• **Given data**:
*** Block opens ***

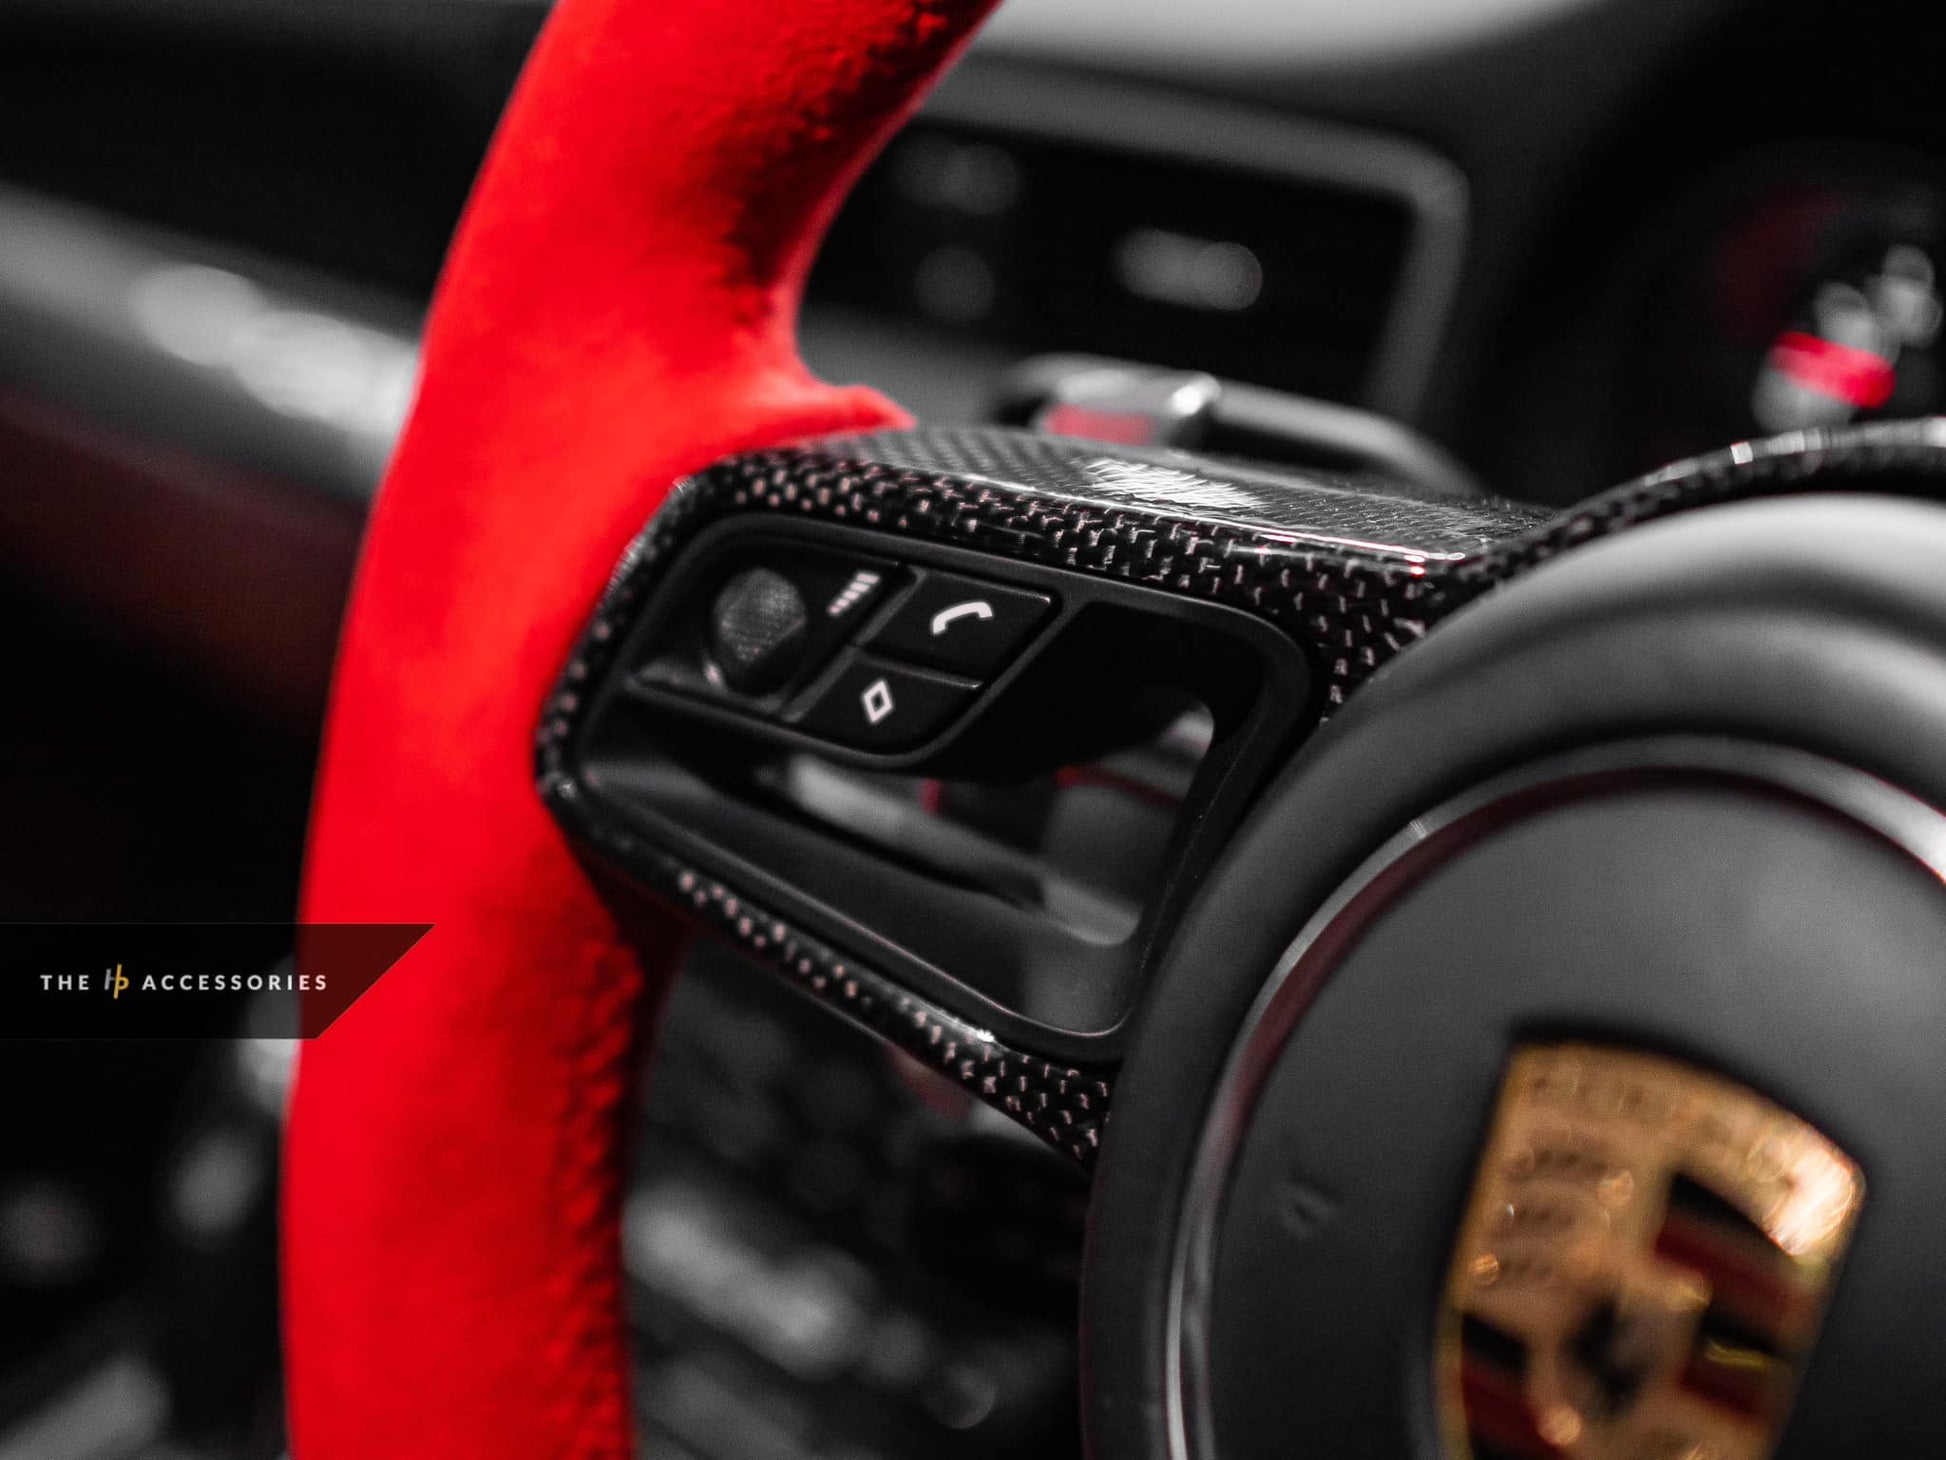 Porsche 911 991.2 Interior & Exterior Accessories Kit – The HP Accessories
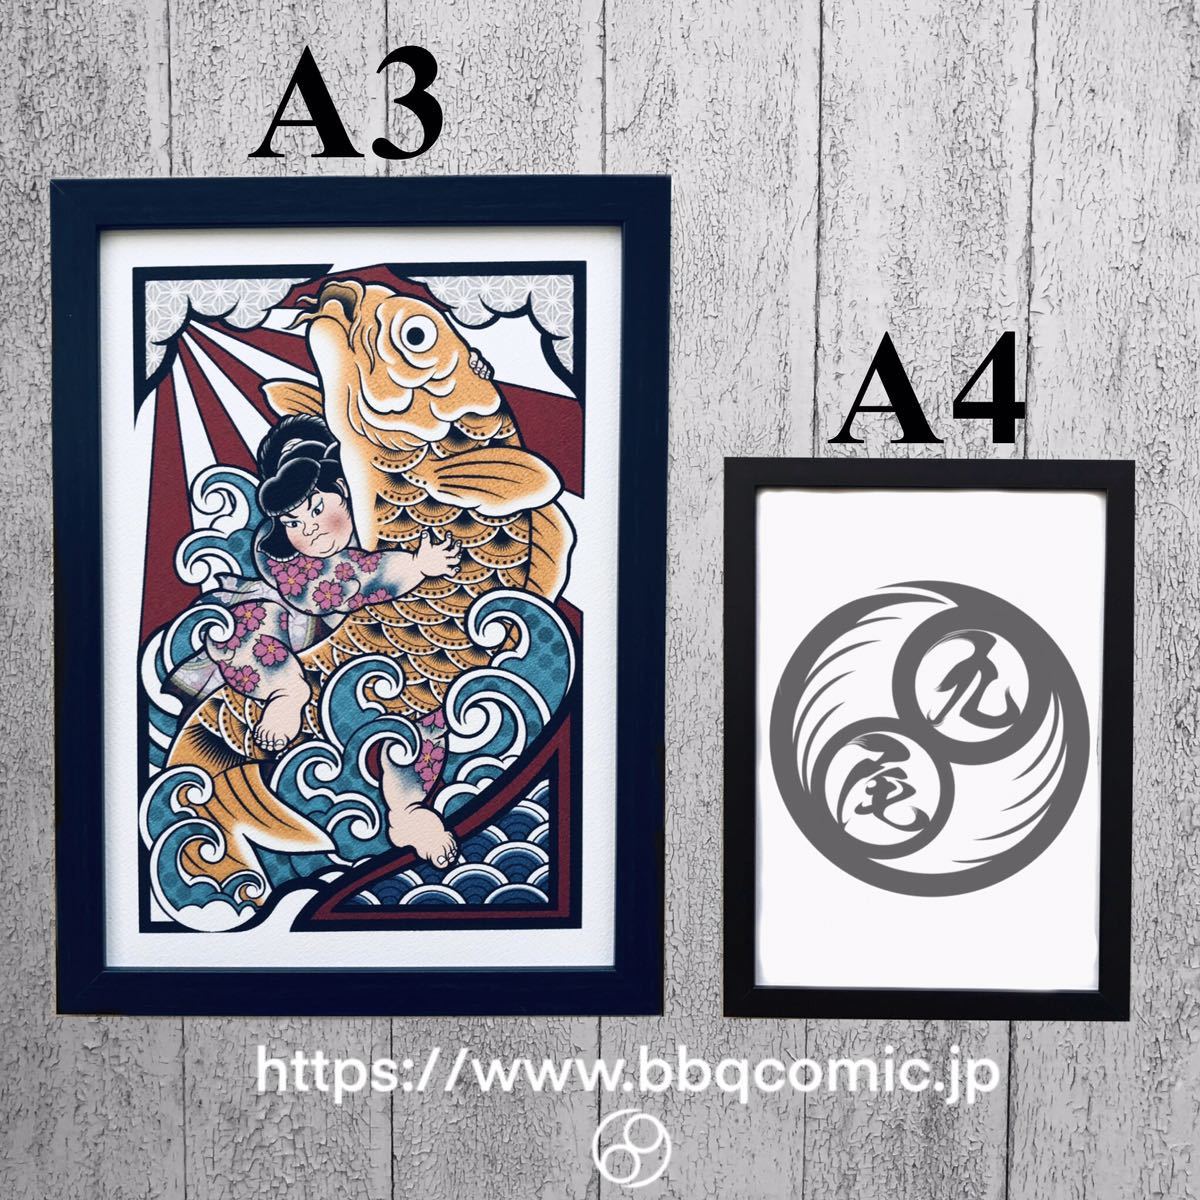 Okyu Illustration Custom Ukiyo-e Oniwakarinosuke Carp Catching A3 Size Framed Art Frame, Painting, Ukiyo-e, Prints, Warrior paintings
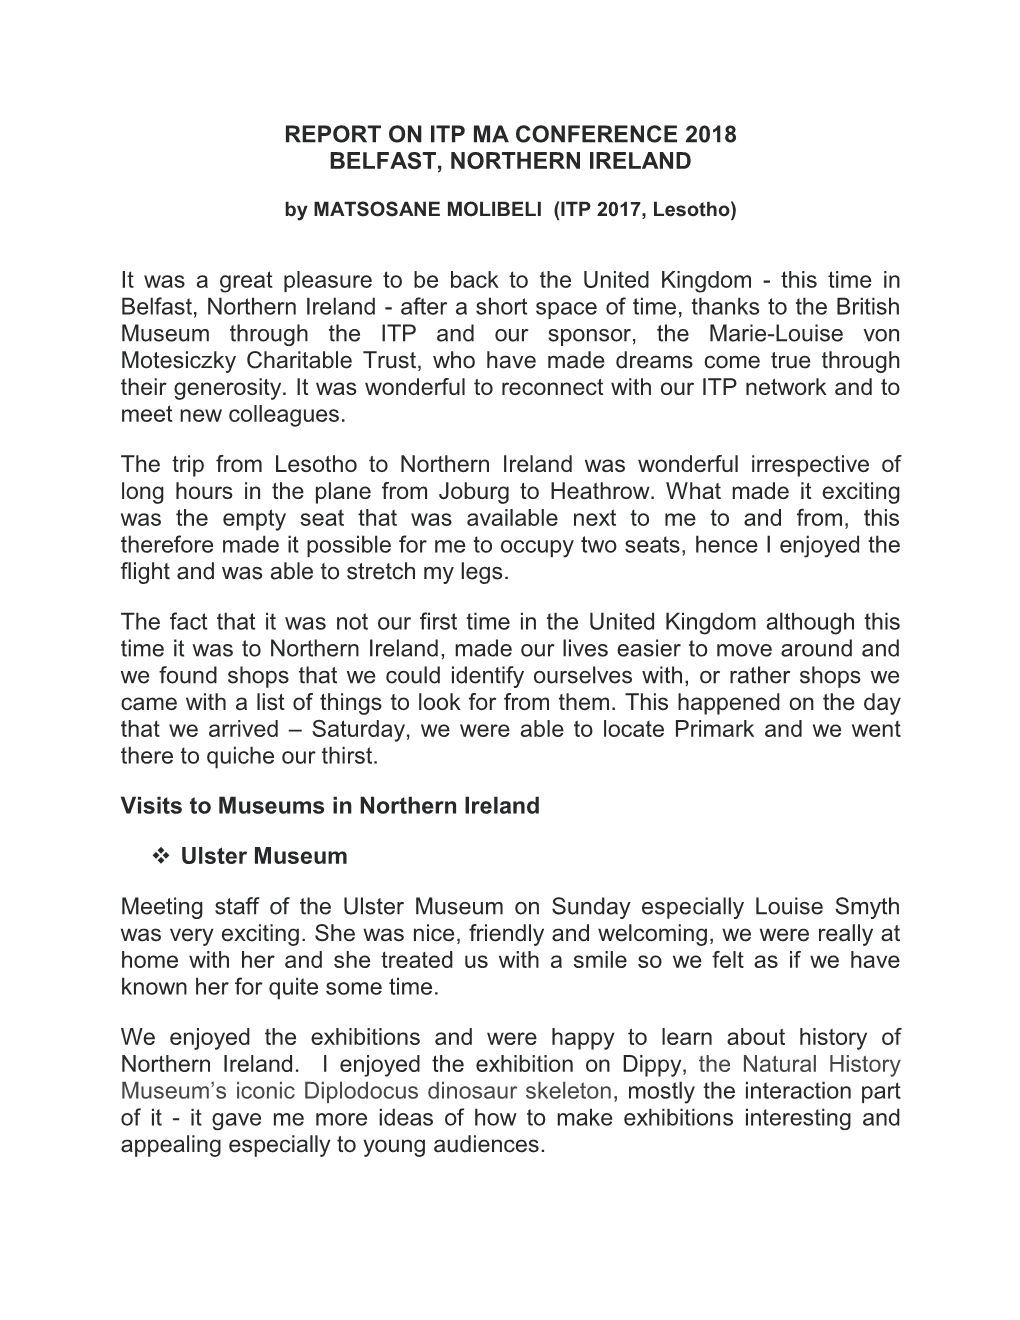 Matsosane Molibeli – MA Belfast Report
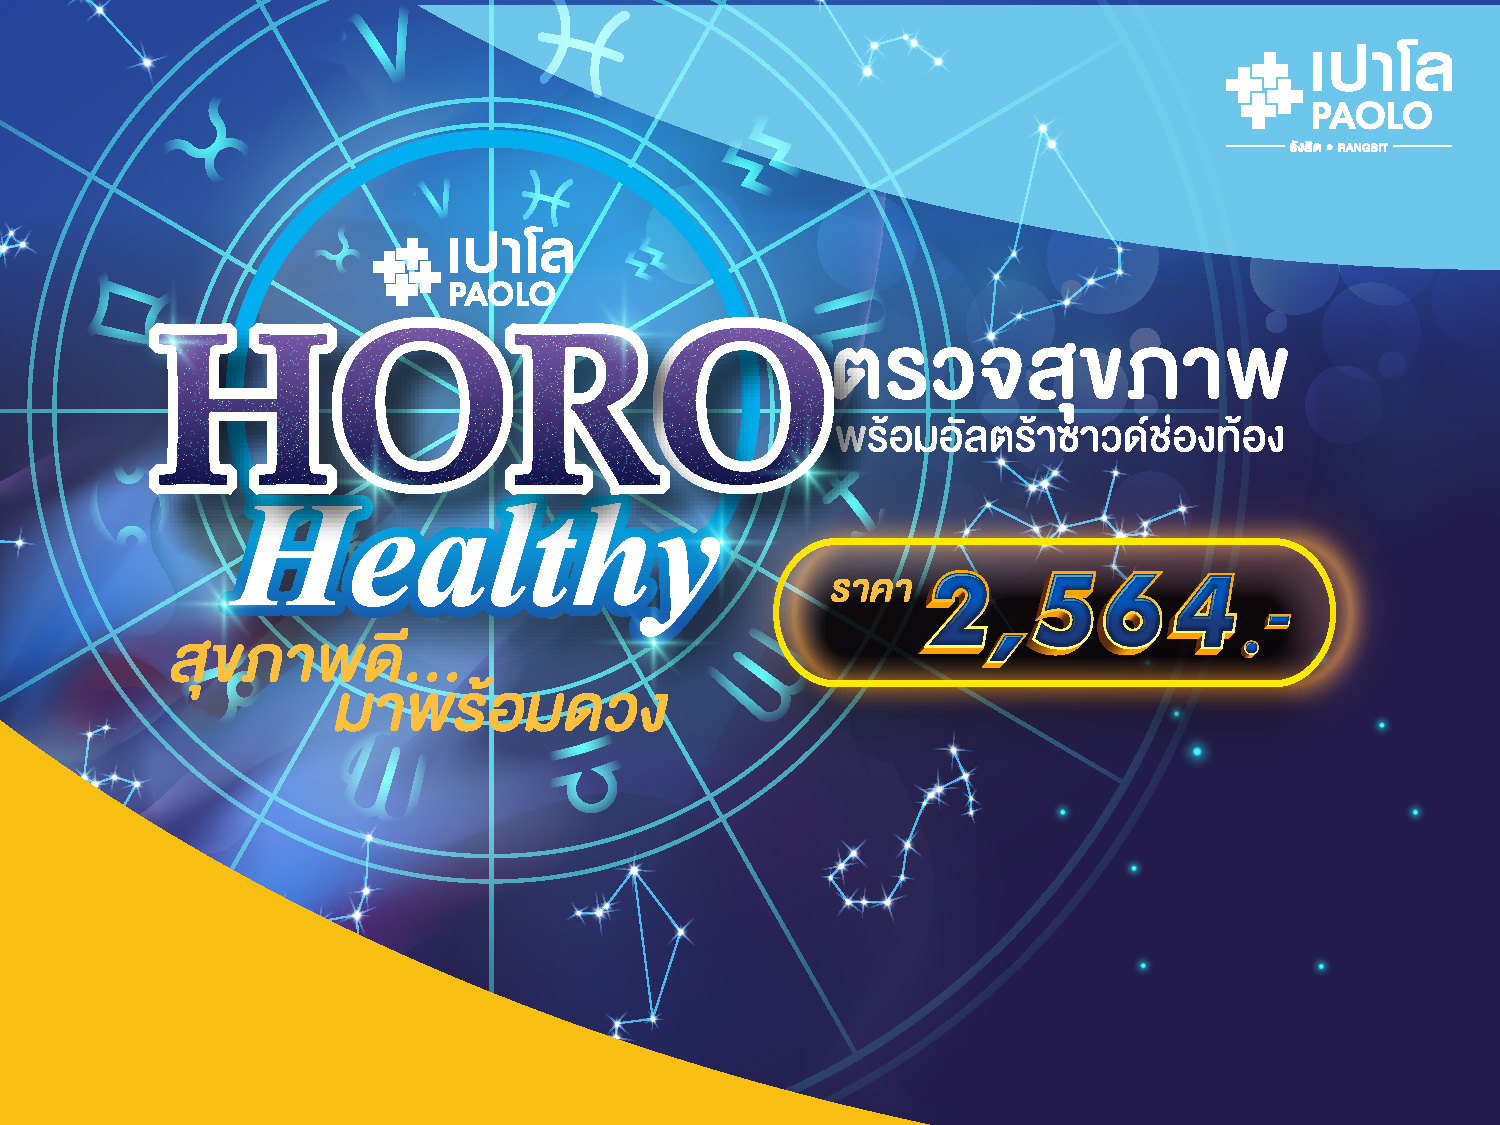 ขอเชิญร่วมกิจกรรม Horo Healthy

*** Block closes ***

• **Problem to work on**: Omit the pictures. Transcribe word for word the lines from the one containing "Matsosane Molibeli – MA Belfast Report" through the end of the listing, inclusive.

• **Response for this exercise**:
 Matsosane Molibeli – MA Belfast Report
 ขอเชิญร่วมกิจกรรม Horo Healthy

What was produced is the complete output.